Here’s an example of a Kemar, with free field frequency response measurements at different positions. This is just the left ear, and showing how the response changes at different positions and distances from the head. https://imgur.com/a/Lj8Di0R
So as a source would change its location, not only would the timing and volume change for each ear, but the sound itself changes too for each ear, which our brain can interpret and compare all the information from both responses to pin point the location of a source. It’s really interesting because even though the sound is changing, your brain still hears it as the same sound
With headphones, it is a little different since the sound localization is coming from “nowhere”. But with binaural recordings or certain mixing, it does seem possible to simulate some of the localization effects in the recording itself.
Also by time difference of when the sound waves reach your ear… it’s not a mystery at all, that’s how we hear things in real life as well
Headphones and IEMs are minimum phase device. Any differences observed in the Time Domain will be reflected in the Frequency Response
While the best responses to this post have already been given, I just wanted to add one thing. The reason what you see on the graph for a given headphone “doesn’t tell the whole story” is also in part because its being measured in the condition of being on a particular ‘head’ - this is how we should think of measurement rigs.
Each rig has its own head-related transfer function (HRTF), as do you, and these are likely to be different to some degree. Think of this as like the effect of the head and ears on incoming sound, and that effect for your head and ears is bound to be different from that effect of the measurement head. That’s not to say “we all just hear differently”, since we all typically have heads and ears that are… head and ear shaped, but there are still going to be some differences that can be meaningful.
So, HRTF variation is one reason, but there is also another one, and that’s the Headphone Transfer Function (HpTF). This is how the behavior of the headphone can change depending on the head that its on. You mention the well-measuring DCA headphones not sounding very good, one likely explanation for this is that the headphone itself is behaving differently when its being worn by you - and with respect to those headphones in particular I’d actually expect this to be the case (it was the same for me).
It doesn’t mean the graph is wrong, or that categorically the product doesn’t sound like the graph to SOME person. It just means it doesn’t to you, because the condition of that headphone is different. Bottom line, HRTF and HpTF effects explain much of the whole “there’s more than just FR” concept - at least in cases where all else is reasonably equivalent.
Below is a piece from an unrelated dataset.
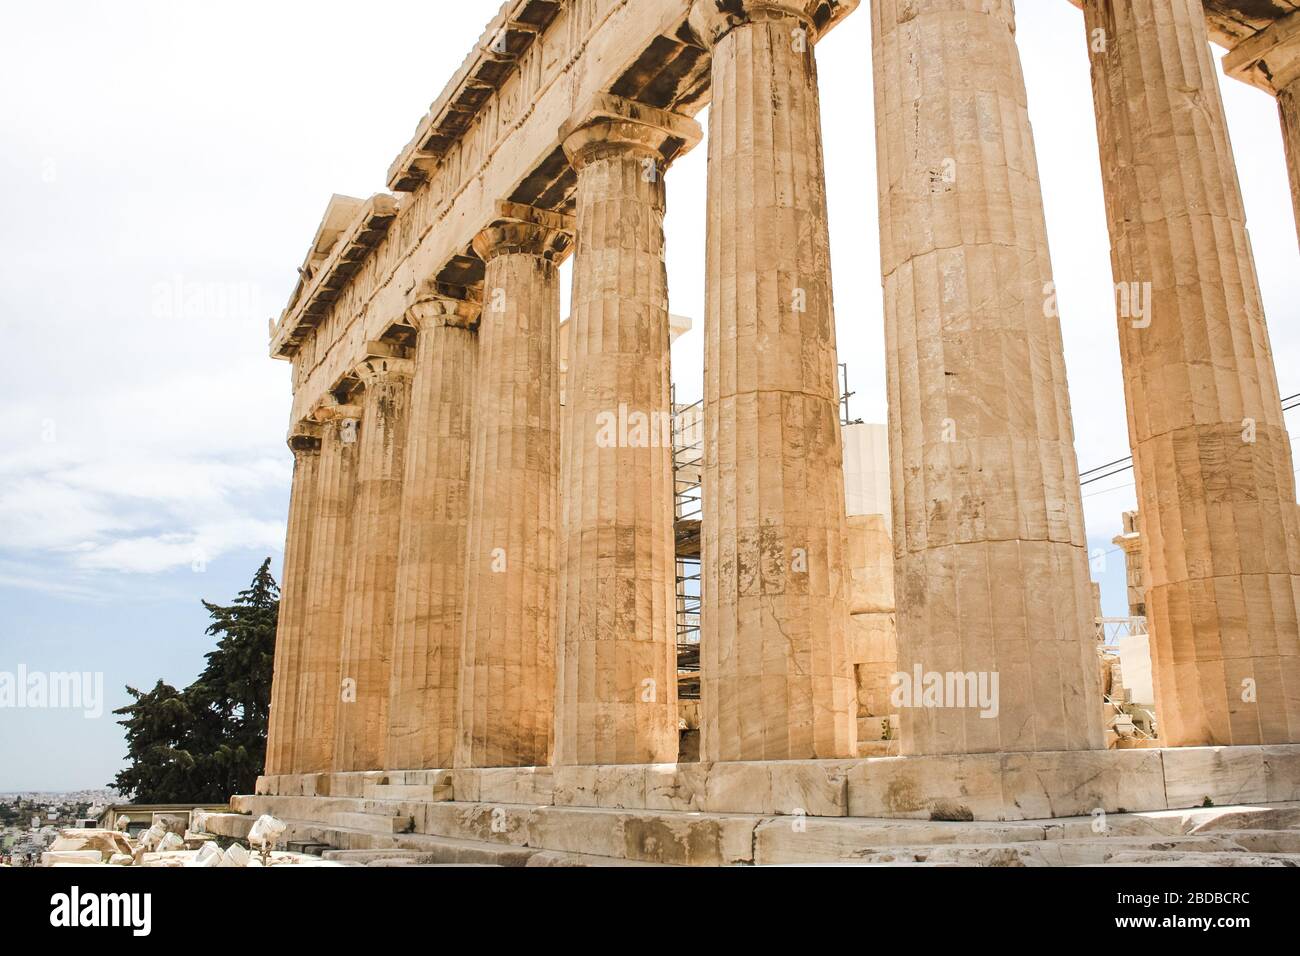 The Parthenon temple on the Athenian Acropolis, Greece Stock Photo

That’s awesome! I didn’t know that
Eh headphones and IEMs are minimal phase so it really shouldn’t matter for the most part. Multi driver setups might potentially be problematic but in recent years companies have become pretty good at using different length sound tubes for each drivers to minimize such an effect. Also phase measurements are done to check out the very thing you’re discussing here so might be worth checking it out.
I EQ everything so what metric should I look for to determine whether I’ll like a thing if not a FR graph?
I have no technical idea why I like my Grados more than cheaper sets. They’re just… clearer.
The frequency response is what is tricking your brain into thinking you are hearing time domain differences.
Every single time I thought a headphone sounded slow or fast or whatever it could be reversed with EQ.
You just don’t read good sites if you think people don’t check the phase response, resonances and like of the drivers and headset cups. ASR routinely produces harmonic distortion at various (very loud, usually) listening levels, and there’s group delay plot that illuminates the time-domain behavior of the system. Group delay is the useful way to look at phase response, as it is derivate of phase with frequency, and is ideally a flat line showing that all frequencies arrive to listener simultaneously.